UH is Recruiting Patients for Breakthrough Sleep Apnea Treatment
March 02, 2019
An original FDA-approval site, UH continues study of the novel Inspire® Therapy in two international trials
Innovations in Ear, Nose & Throat - Winter 2019
The need for adequate sleep is emerging as a nationally recognized public health issue. In fact, 25 percent of adults report inadequate sleep or rest 15 out of 30 days.1
“We are supposed to spend about a third of our life sleeping. That fact is too often overlooked,” says Amy Schell, MD, Otolaryngology and Sleep Surgery, UH Cleveland Medical Center; and Assistant Professor, Otolaryngology, Case Western Reserve University School of Medicine. “Poor sleep is associated with significant health risks, including hypertension, diabetes, stroke and heart disease.”
For many people, rest is disturbed by obstructive sleep apnea (OSA), caused by airway blockage or collapse. In patients who have untreated OSA, pauses in breathing can last up to 30 seconds, preventing restorative sleep, contributing to daytime fatigue and depriving the body and brain of sufficient oxygen.
In 2010, under the leadership of Kingman P. Strohl, MD, a pulmonologist and Program Director of Sleep Medicine, UH was the only medical center in Northeast Ohio among the sites selected throughout the United States and Europe to participate in the pivotal Stimulation Therapy for Apnea Reduction (STAR) clinical trial of Inspire® Therapy. The fully-implanted neurostimulator senses breathing patterns and delivers mild stimulation to maintain multilevel airway patency during sleep. In 2014, first-year STAR outcome measures were published in the New England Journal of Medicine.
Traditionally, the standard treatment for OSA has been continuous positive airway pressure (CPAP). However, patient tolerance can be a significant stumbling block, with as many as 30 to 40 percent of patients unable to achieve adequate compliance and/or benefit. Inspire® works differently, stimulating the nerve that controls the tongue. Users can activate the pacemaker-sized device, implanted in the right side of the chest, through a handheld remote prior to sleep each night.
“Hypoglossal neurostimulation [upper airway stimulation/UAS] is an innovative alternative to CPAP that doesn’t require surgical manipulation of the airway itself,” Dr. Schell says. “Attached to the implantable device, a sensing lead detects when a patient is trying to breathe and triggers nerve stimulation to the genioglossus (tongue), the primary dilating muscle of the airway.”
Objective data, including the apnea-hypopnea index (AHI), along with subjective indicators such as sleepiness scores and patient satisfaction, demonstrate that people are experiencing significant improvement not only in quality of sleep, but also quality of life.
“Anecdotally, you can see on patients’ faces that this is life-changing,” says Mary Andrews, RRT, CCRP, a respiratory therapist and clinical research coordinator in the Division of Pulmonary, Critical Care & Sleep Medicine at UH. “They actually look more rested.”
Additionally, Andrews notes that improved sleep has helped Inspire® users tackle other health challenges, including losing weight or feeling better prepared to physically recover from procedures such as knee or hip replacement.
Currently, UH is screening patients with OSA to determine if Inspire® is right for them. “The ideal patient has moderate to severe OSA and an appropriate body habitus,” Dr. Schell says. “Additionally, we perform an endoscopy preoperatively to determine if the patient’s airway collapses in a pattern that is amenable to neurostimulation therapy.”
After outpatient surgery to implant the neurostimulator, patients return the following month to have the device activated and titrated during a sleep study.
AN INTERNATIONAL SITE FOR CONTINUED INSPIRE® STUDY
Following are other notable details of the UH Inspire® study:
- The post approval study (PAS) is a 60-month follow-up of patients who were implanted with the Inspire® UAS during the premarket phase to monitor long-term safety and document any serious adverse effects (SAE). Patients are seen in clinic twice a year for five years for physicians to check the device and monitor their progress.
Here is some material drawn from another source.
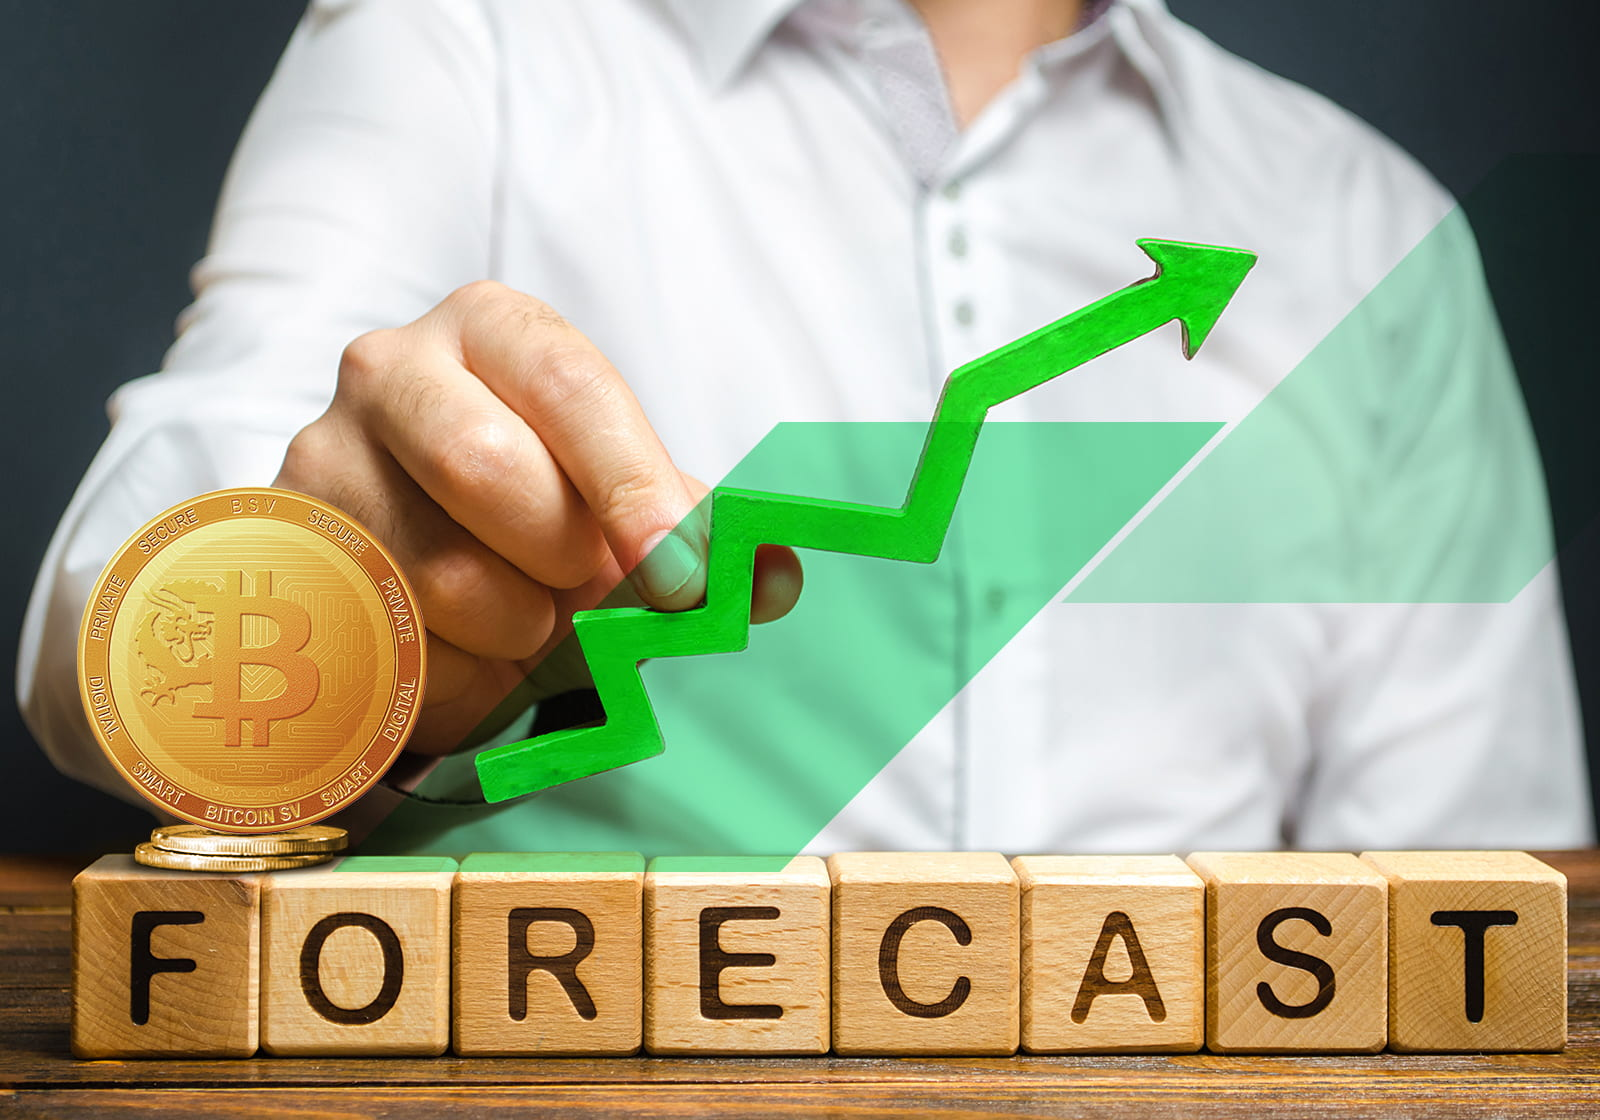 Bitcoin SV (BSV) Price Prediction for 2020 - 2030 | StormGain

- The ADHERE registry is an ongoing international study with an enrollment goal of 5000 patients. As part of data gathering process, patients are evaluated at four points in time: pre-implant, at time of implant, after settings are titrated and during a final follow-up. Publication of data from the first 508 ADHERE patients, published in late 2018, supports previous clinical evidence that the minimally invasive treatment is a safe and effective alternative for patients not benefitting from CPAP.
“University Hospitals was one of the leading medical centers chosen to spearhead this device coming into FDA approval,” Dr. Schell says.
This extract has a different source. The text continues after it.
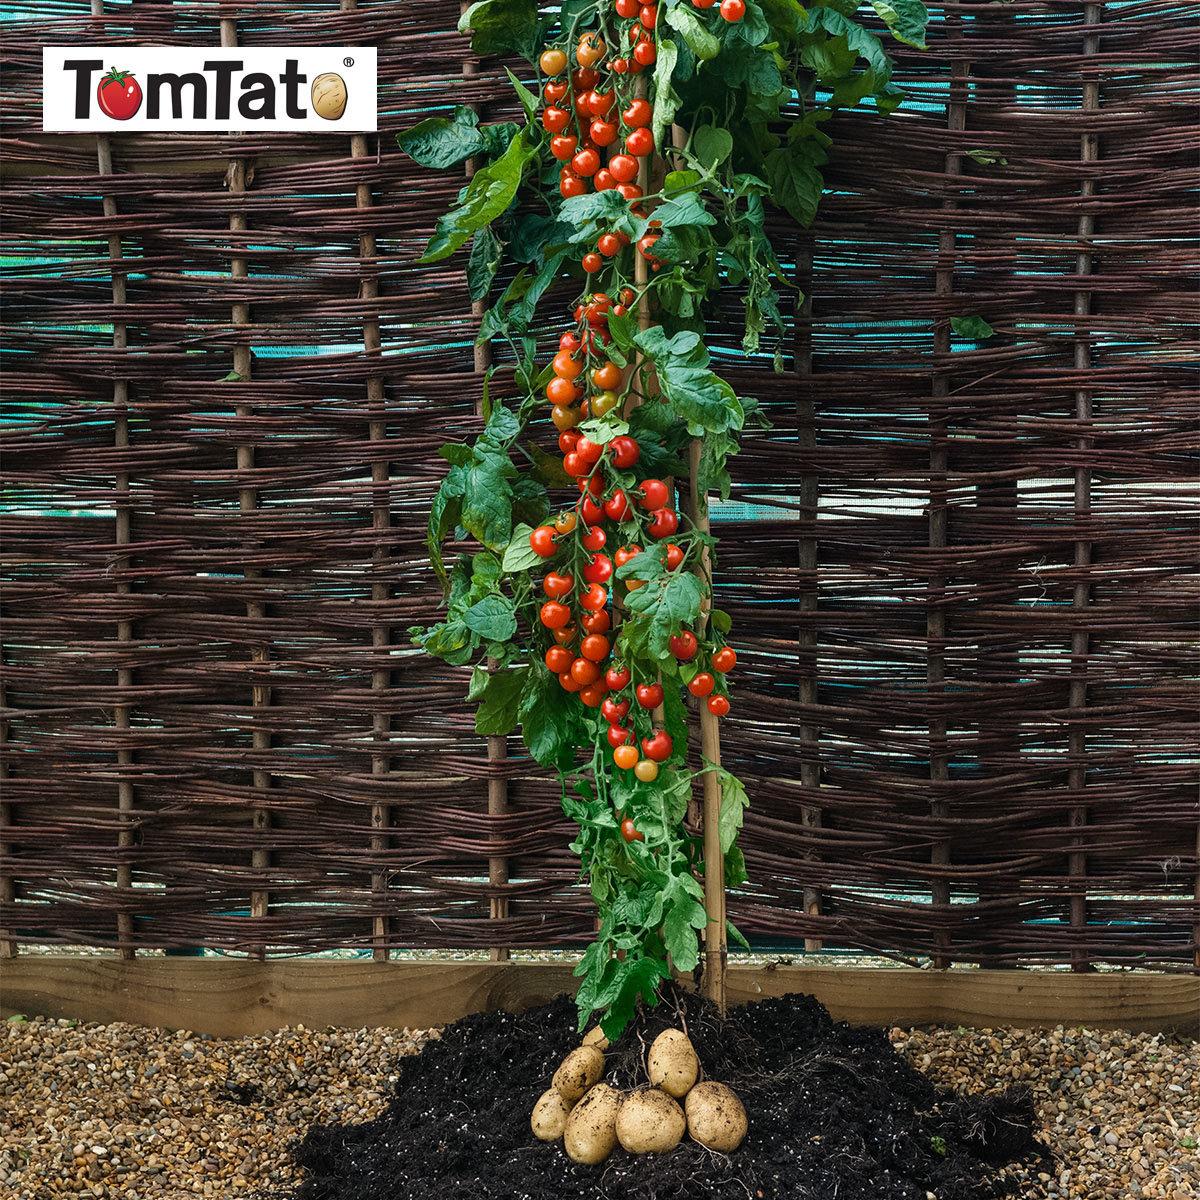 Tomaten-Kartoffelpflanze TomTato, veredelt, im ca. 12 cm-Topf | #2

“Now, with over one thousand patients in the ADHERE database, there is power in numbers. We are able to demonstrate — both objectively and subjectively — that our patients are benefitting from this treatment and achieving better sleep.”
1. Sleep health. Office of disease prevention and health promotion (ODPHP). www.healthypeople.gov/2020/topics-objectives/topic/sleep-health.